Additionally, as a member of the Foundation Board of Directors for Opportunity Village, Duffy took a steering role in developing the Opportunity Village Art and Enrichment program and previously served as an appointed Arts Commissioner for the City of Las Vegas. An accomplished motivational and inspirational speaker, Duffy has been featured at Leadership Las Vegas on Art and Culture and as an Inspire speaker at ‘Delivering Happiness Inspire!’ sponsored by Zappos. His talent finds him featured nationally by multi-industry trade groups in roles of keynote speeches about “Why and How” to build Client/Customer dynamics from the ground up, and from the C-suite down.
Patrick Duffy is a dynamic leader who enjoys seeking the very best in every relationship, both professional and personal, and participates in the Las Vegas community as a transformer with every step forward. With grace and style, Duffy’s welcoming nature leaves a lasting and meaningful impact, no matter the topic or the audience.
Danielle Kelly, '07 MFA Art, is currently the executive director of Surface Design Association and formerly the executive director of Las Vegas’ Neon Museum.
Under her guidance, Kelly helped the Neon Museum transition from a small grassroots entity with 500 monthly visitors to one that hosts more than 7,000 visitors per month and is a USA Todayeditor’s pick for best Las Vegas attractions. She was the project manager for the rehabilitation of the historic La Concha Motel Lobby into the Neon Museum’s visitor center and also oversaw the restoration and installation of six iconic signs as public art on Las Vegas Boulevard. She also led the curation and installation of the Neon Museum’s Boneyard.

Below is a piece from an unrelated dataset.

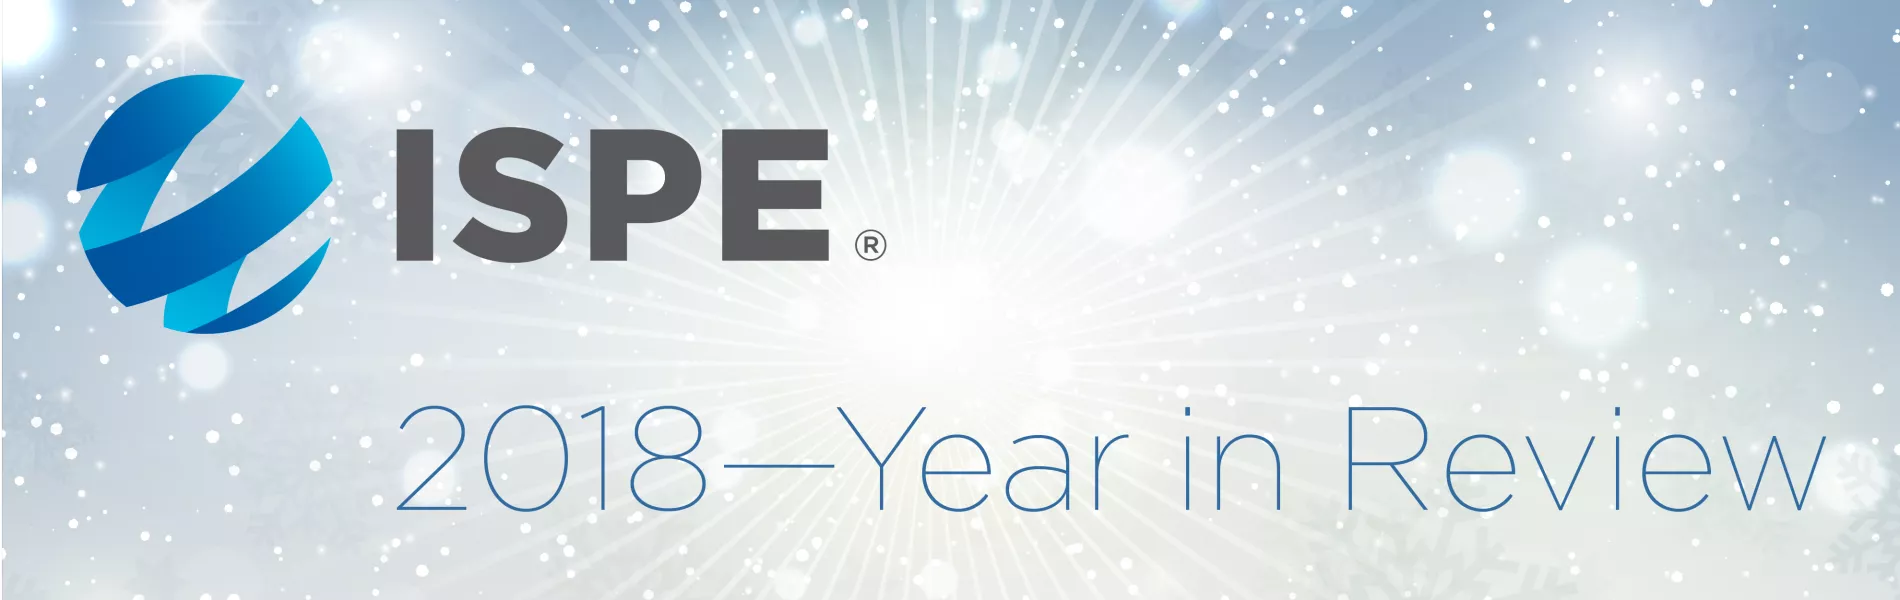 ISPE Holiday Banner

Since graduating from UNLV, Kelly has helped UNLV graduates attain valuable internship experiences and jobs in the field. She has been a visiting artist and/or lecturer at a variety of institutions, including the Pacific Northwest College of Art, Portland Community College, Whittier College, the Clark County Government Center, and the Wildlife Divide, a Southern Nevada Conservancy initiative at Mt. Charleston. In 2010, she was awarded a Jackpot Grant by the Nevada Arts Council and a Cirque du Soleil Support for the Cultural Milieu Grant. She’s a 2015 graduate of the Las Vegas Chamber’s Leadership Institute.
Danielle’s sculpture and performance-based work has been exhibited in solo and group exhibitions in Seattle, Portland, Los Angeles, San Francisco, and Las Vegas. She is a contributing writer to a variety of regional publications.